Portfolio managers often preach the benefits of diversification to their clients. While asset values are unpredictable, holding a diversified portfolio allows an investor to benefit from divergent moves in different assets – thus, reducing the overall volatility of the portfolio.
It may work that way in theory, but so far this year asset prices that are supposed to have little correlation have moved in near lock-step with each other.
Equity markets across the globe have rallied strongly, with the S&P 500 returning more than 9% and international and emerging markets have fared even better, with increases of +15.2% and +19.2% respectively. That performance would seem to indicate a more optimistic outlook for global economic growth among investors. Donald Trump’s election in the United States is hoped to bring regulatory and tax relief to corporate America that would both directly benefit companies in the country, but also produce higher growth. As of yet, those hopes have yet to materialize in actions.
Long-term bonds are generally purchased for their safety in comparison to equities. As the economy weakens, long-term bonds become more attractive as both a safe asset and in expectation of future loosening from monetary authorities. As such, the total return from long-term bonds often moves inversely to the total return from equity markets. However, in recent years the relationship has vanished as Federal Reserve policy has been a major factor in markets.
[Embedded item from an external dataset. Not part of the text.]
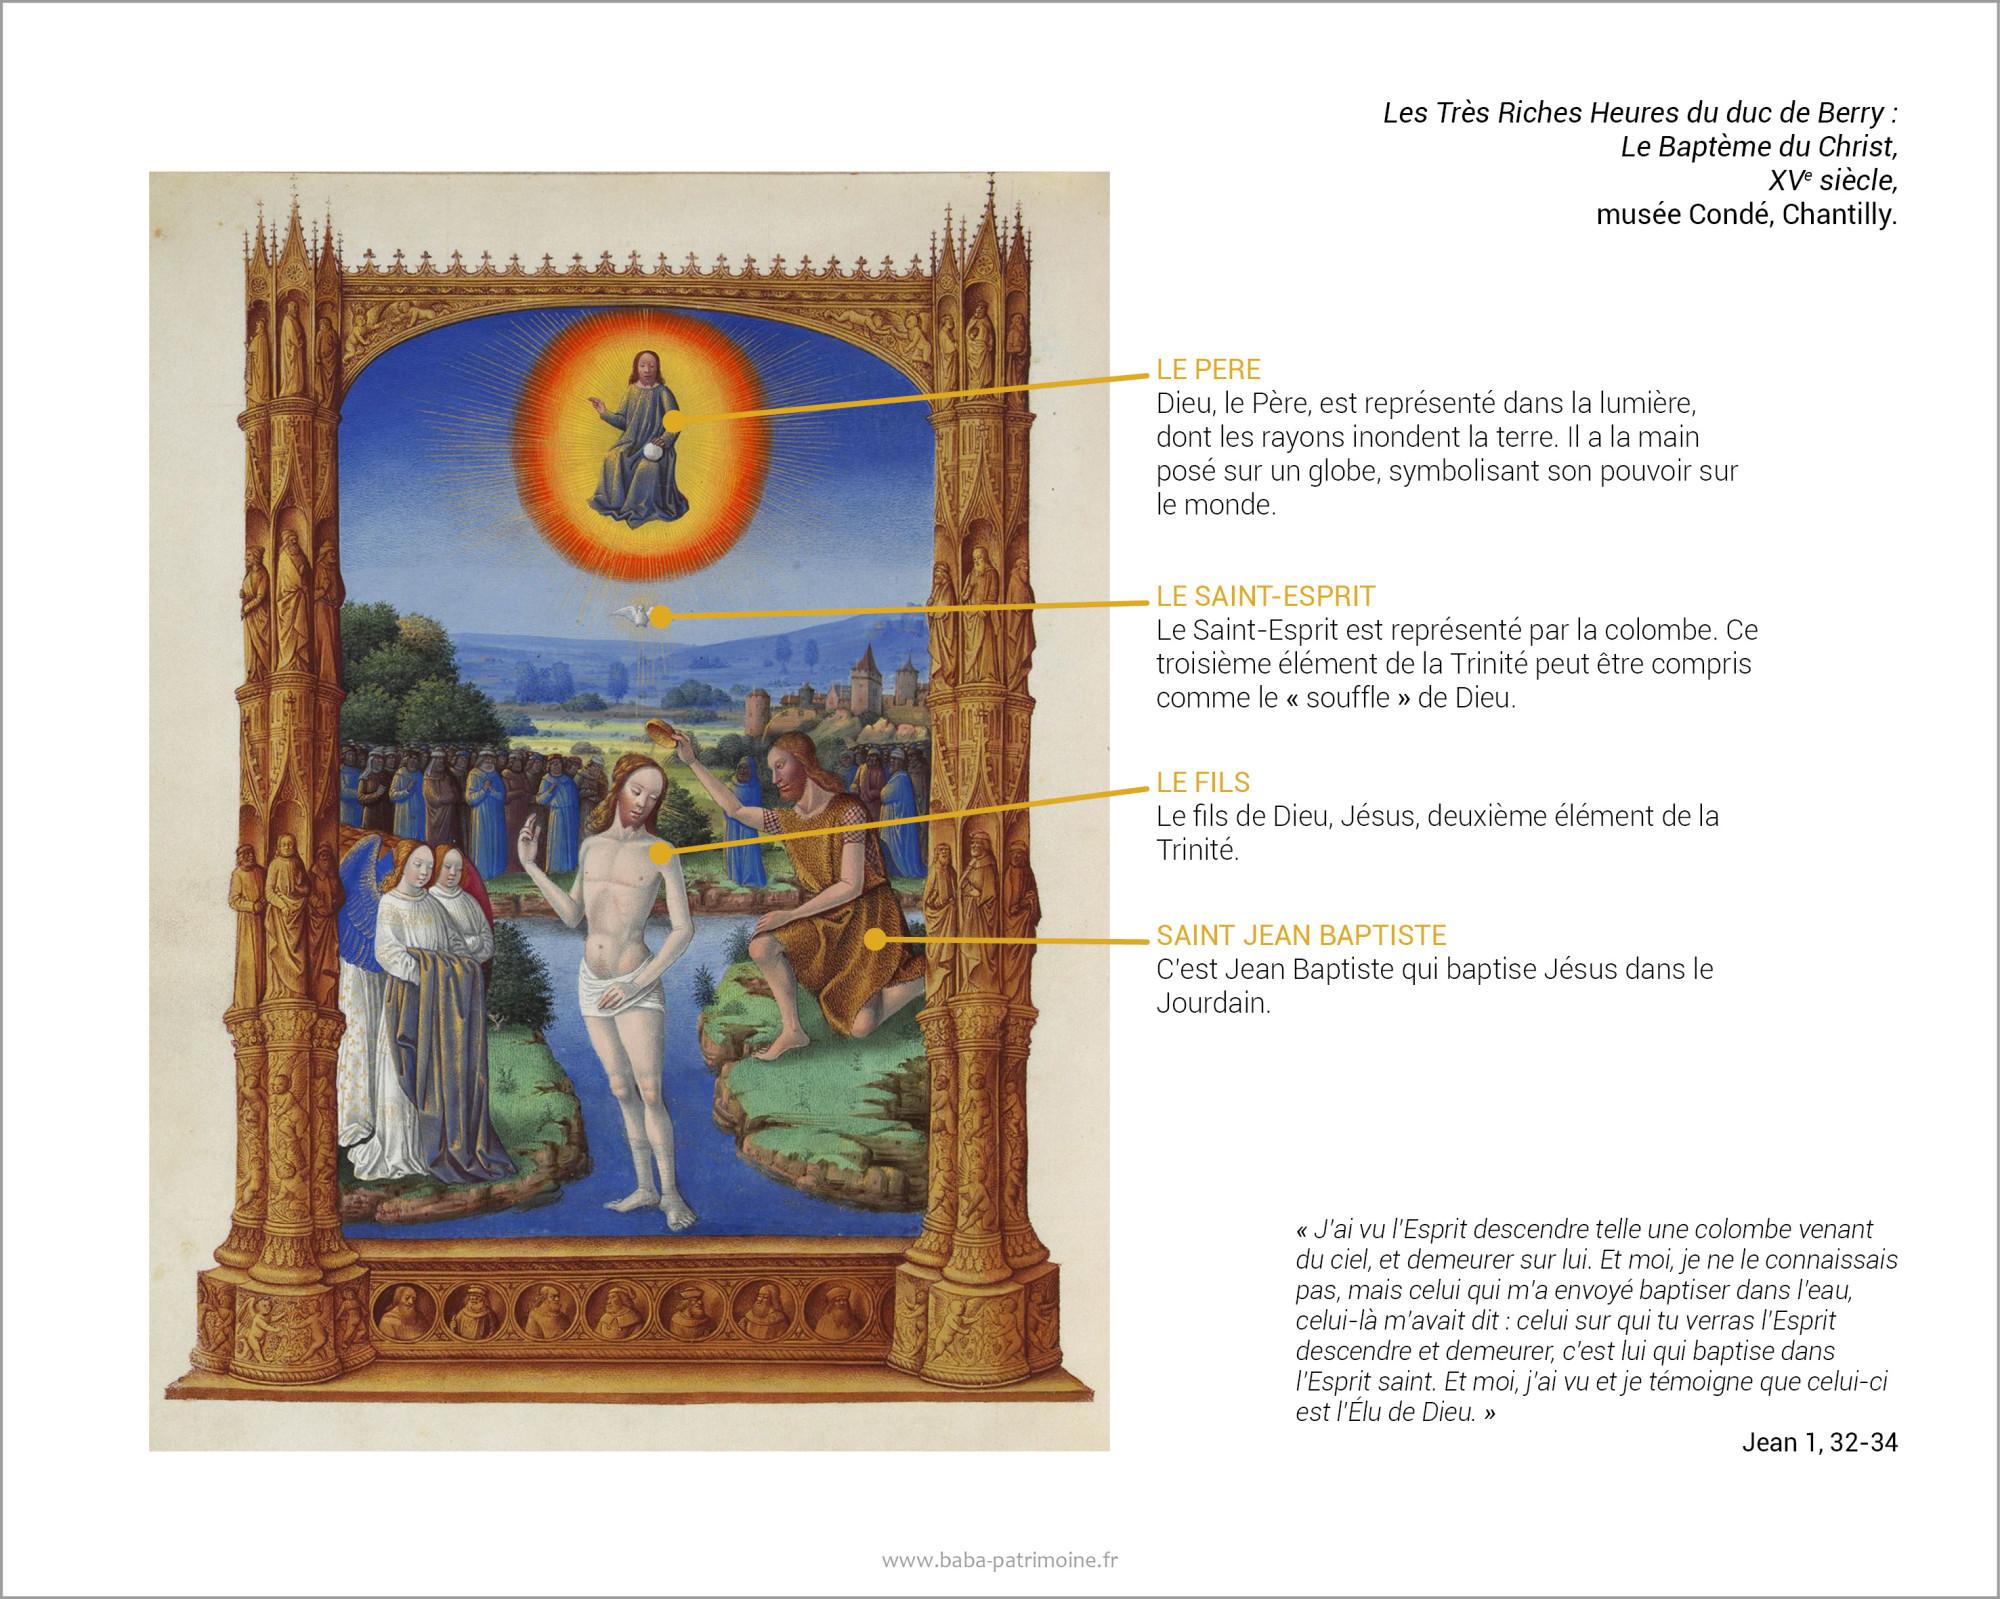 Analyse de l'enluminure des Très Riches Heures du duc de Berry : Le Baptème du Christ, XVe, musée Condé, Chantilly.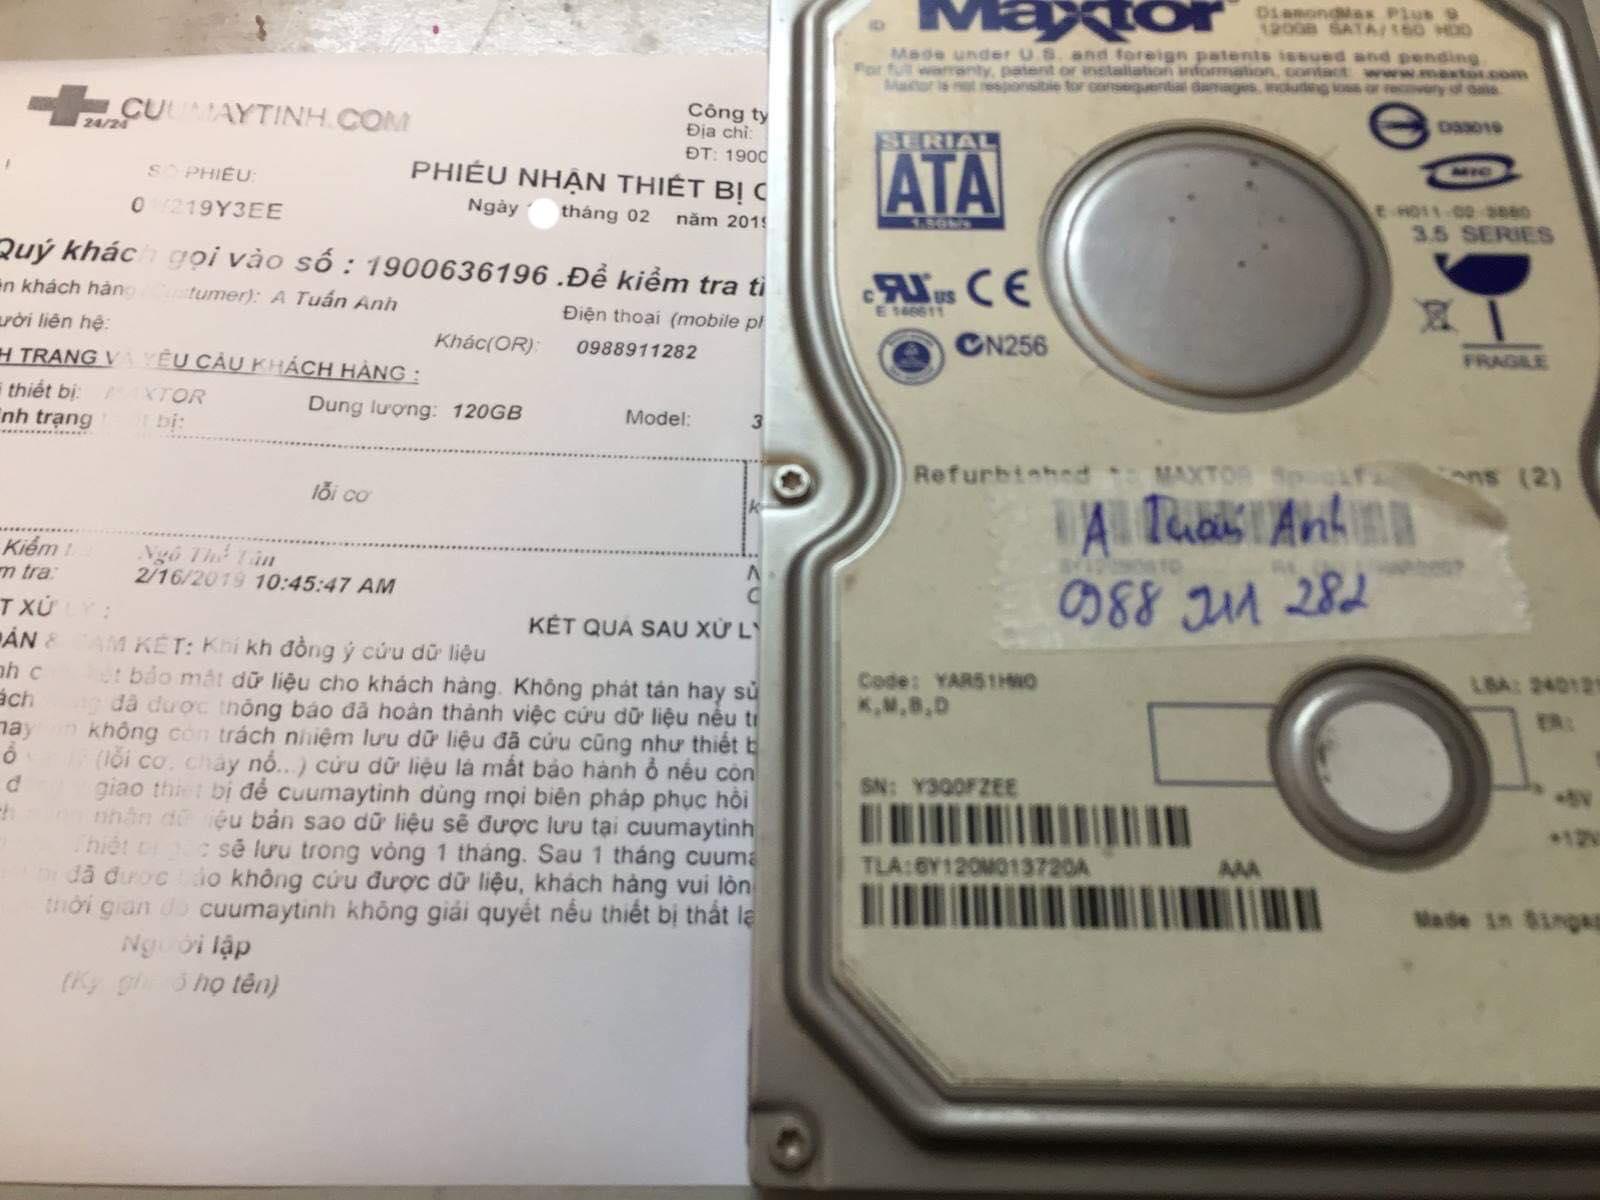 Phục hồi dữ liệu ỏ cứng Maxtor 120GB lỗi cơ 19/02/2019 - cuumaytinh

Gold and silver are usually bought in times of crisis or high inflation. Gold prices are 12% higher this year, while silver prices are 11% higher. The Trump presidency in the United States has certainly raised questions about predictability and precious metals have perhaps caught a bid as insurance against an unexpected political outcome. This year has also seen increased tensions on the Korean Peninsula and a spate of European terrorist attacks.
At some point, something will likely give. With equity prices at highs, interest rates set to rise, and a softening economy, the problem is the impossibility of knowing when.